You might be interested: HOW TO MAKE SPAGHETTI WITH CLAMS

Clams: which ones to choose?

The clams are not all the same: there are those smaller, usually tastier but less scenic, and those true, with the darker shell and the mollusk with two blackish antennae. The former are easier to find and usually cost a few euros less, the latter are generally more expensive. The choice depends on your taste: more tasty or more spectacular dish? To you the arduous sentence. Always remember that the clams must be lives and sold in nets with labels that specify the origin of the molluscs and the date of packaging.

Tomato yes, tomato no

The purists of the stew will turn up their noses in the presence of tomato on the plate, but as usual, the versions of a recipe are always very many and it is not certain that a small variation must irreparably change the meaning of a dish. So: if you like it, add it as well, otherwise leave it alone and limit yourself to oil, clams, white wine, garlic and parsley. The result will be amazing.

Clam cleaning

Clam cleaning is not a negligible aspect: you must have time (minimum 2 hours) e patience. The clams are found on the seabed and are often full of sand. They need to bleed before being cooked, to avoid the unpleasant effect of feeling the grains under your teeth when you eat them. Then take them, rinse them and leave them to rest in a large bowl full of water and salt for at least two hours (remembering to change the water at least twice). A small handful of salt will not suffice: to make sure that they are purged, the clams must recover their natural element, sea water. So you abound considering putting 35 g of salt per liter of water. Once the two hours have passed, rinse them under running water and check with your hands that no sand is left.

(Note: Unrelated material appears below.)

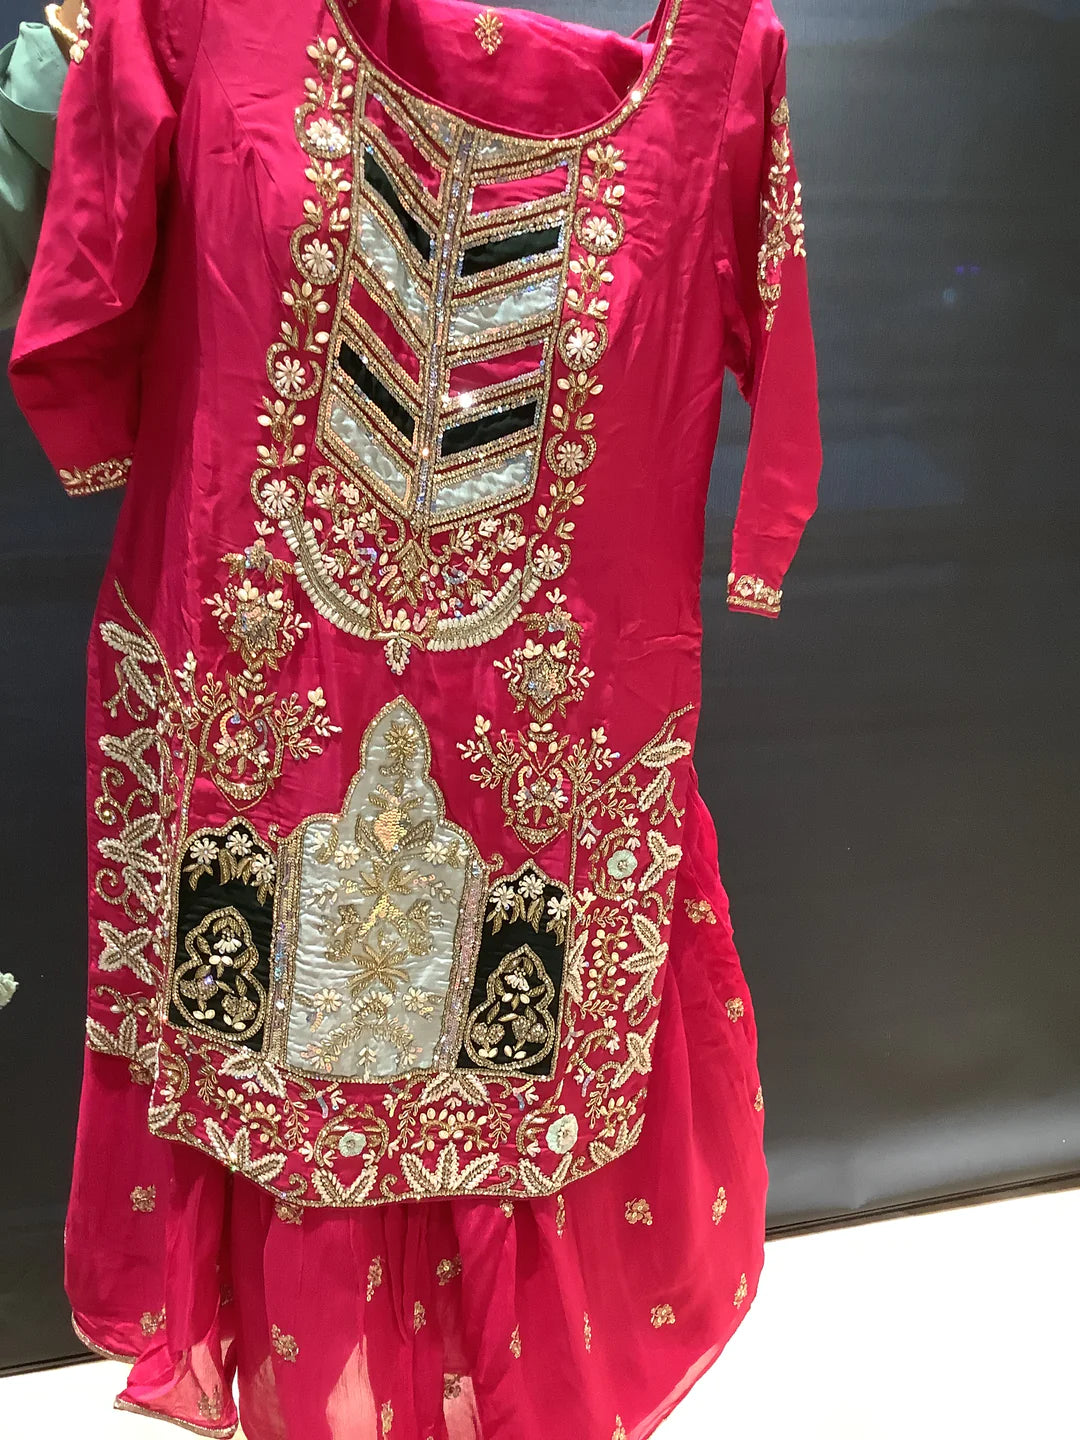 heavily embroidered hot pink gharara outfit.

The recipe for sautéed clams

Take a kilo of clams, let them purge, rinse them and place them in a large pan over the fire to open. Close with a lid and cook for a few minutes. When you see that they have opened, turn off the heat and remove them from the pan, keeping the cooking liquid which you will then filter. In another pan, sauté two cloves of garlic. When they are golden, add fresh tomato fillets (if you like) or directly the clams. Add half a glass of white wine, and when it has evaporated, filter it. Cook for a few minutes and then, with the heat off, add chopped parsley and a handful of black pepper. Serve the clam sauté on croutons of toasted bread.